Academic paper sheds light on severe limitations of Nokia's proposal of granting have-made rights to automakers: impact on vertical supply chain

In recent days, two of my automotive industry contacts have drawn my attention to what one company's chief patent counsel described as a "remarkable" paper on standard-essential patent (SEP) licensing issues: SEP Licensing After two Decades of Legal Wrangling: Some Issues Solved, Many Still to Address by Damien Geradin (Professor of Competition Law & Economics, Tilburg University; Visiting Professor, University College London; Founding Partner, Geradin Partners; and a member of the European Commission's SEP Expert Group).

The 22-page document provides an outline of how European Union case law (with additional references to a few key U.S. decisions) has evolved over the past two decades, going back to the time when Nokia, then far more interested in making products than generating patent licensing revenues, was a complainant against Qualcomm. Times have changed, and Nokia is now an aggressive monetizer of SEPs and the target of antitrust complaints.

The part I found most interesting in Professor Geradin's paper deals with Nokia--or, more specifically, a structure Nokia proposes in lieu of a license to component makers that would protect the downstream by means of patent exhaustion. I'm not aware of a similar analysis of Nokia's proposal of a "have-made right" and the severe limitations inherent to it having been conducted before.

Just like water naturally flows downhill, the natural solution to the patent licensing problem in a multi-tiered vertical supply chain is for each patent to be licensed at the highest level at which it is practiced. An exhaustive license protecting the downstream is precisely what Huawei's German antitrust lawsuit against Nokia is seeking to achieve: an exhaustive license that would, therefore, shield Huawei's customers and all subsequent buyers from infringement claims. In the post I just linked to, you can see charts that show how it would work. A closer look at the ten patents Nokia is asserting against Daimler in its German litigation campaign leads to the conclusion that there is no reason under patent law for which those kinds of patents would have to be licensed only at the bottom of the supply chain (= to Daimler).

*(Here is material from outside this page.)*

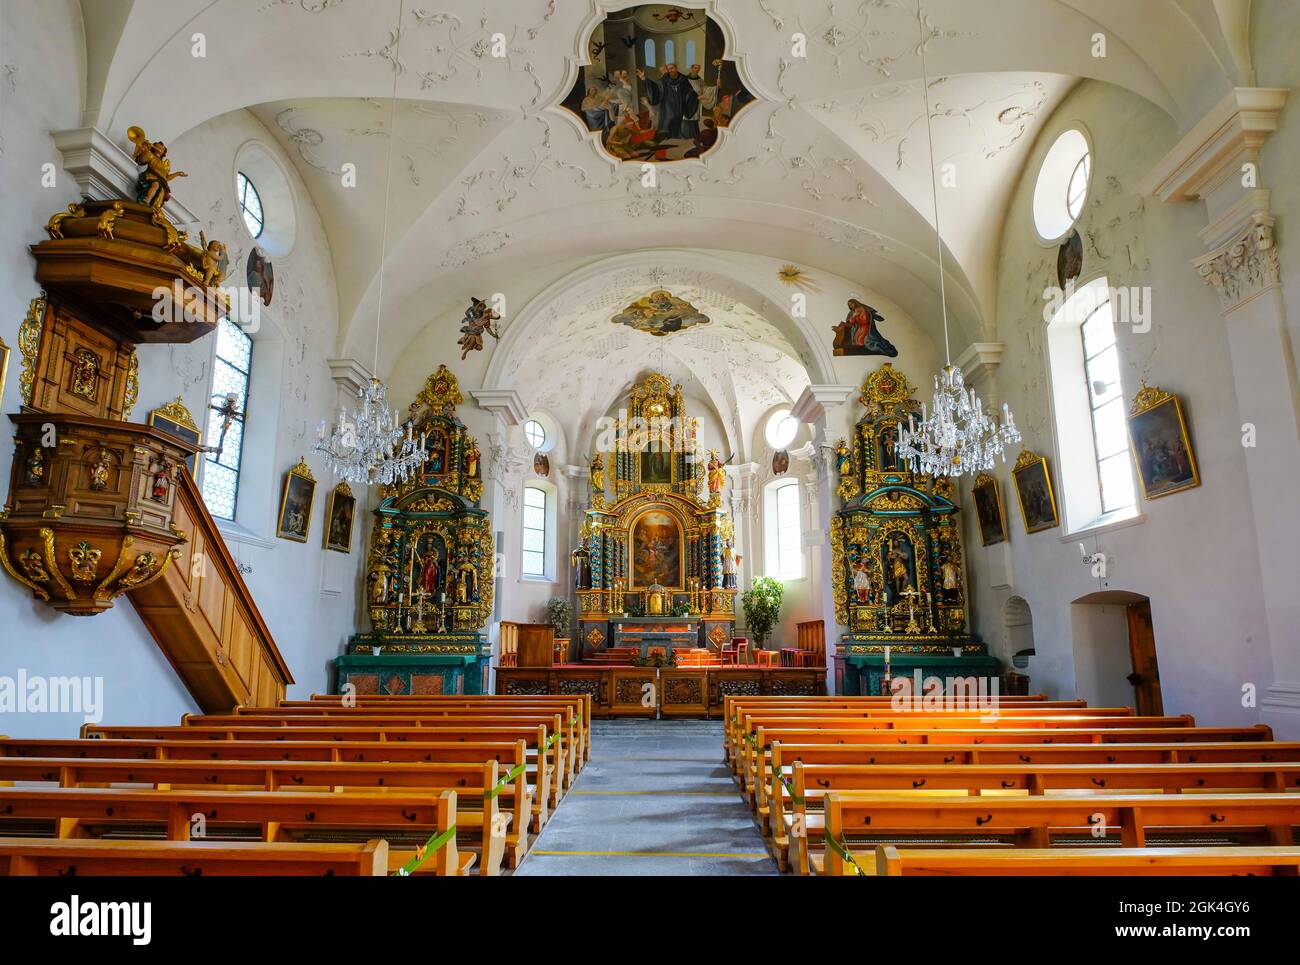 Inside the St. Gallus Church in Wassen village, Upper Reuss valley (Oberes Reusstal), Switzerland. Altars were built by Valais native Jost Ritz and ar Stock Photo

Nokia prefers the unnatural--actually, counternatural--way: in defiance of gravity, water should flow uphill. What Nokia proposes is a have-made right: Daimler would be authorized to have third parties, such as Continental, make components to be incorporated into Daimler cars. In Germany, that concept is also labeled an extended workbench.

Nokia argues that this provides sufficient protection and freedom to operate. But does it really? Professor Geradin's analysis identifies a variety of shortcomings and restrictions.

Before I republish here--for your convenience--the relevant passages of that document, let me show you a chart that I quickly drew up to visualize the problem (click on the image to enlarge):

The "SEP Holder" at the bottom of the chart is, in our specific case, Nokia. "Car Maker #1" would be Daimler.

The three red circles with white numbers (1-3) in them show potential or actual disconnects. Each disconnect means that one or more parties aren't protected and/or that some types of transactions cannot happen safely (in a legal sense):

  1. Red circle #1 is a potential disconnect because the tier 1 supplier (the maker of a telematics control unit, which is the component that car makers purchase and incorporate into their products) may lose its protection under the have-made structure if the car maker breached or terminated its agreement with Nokia.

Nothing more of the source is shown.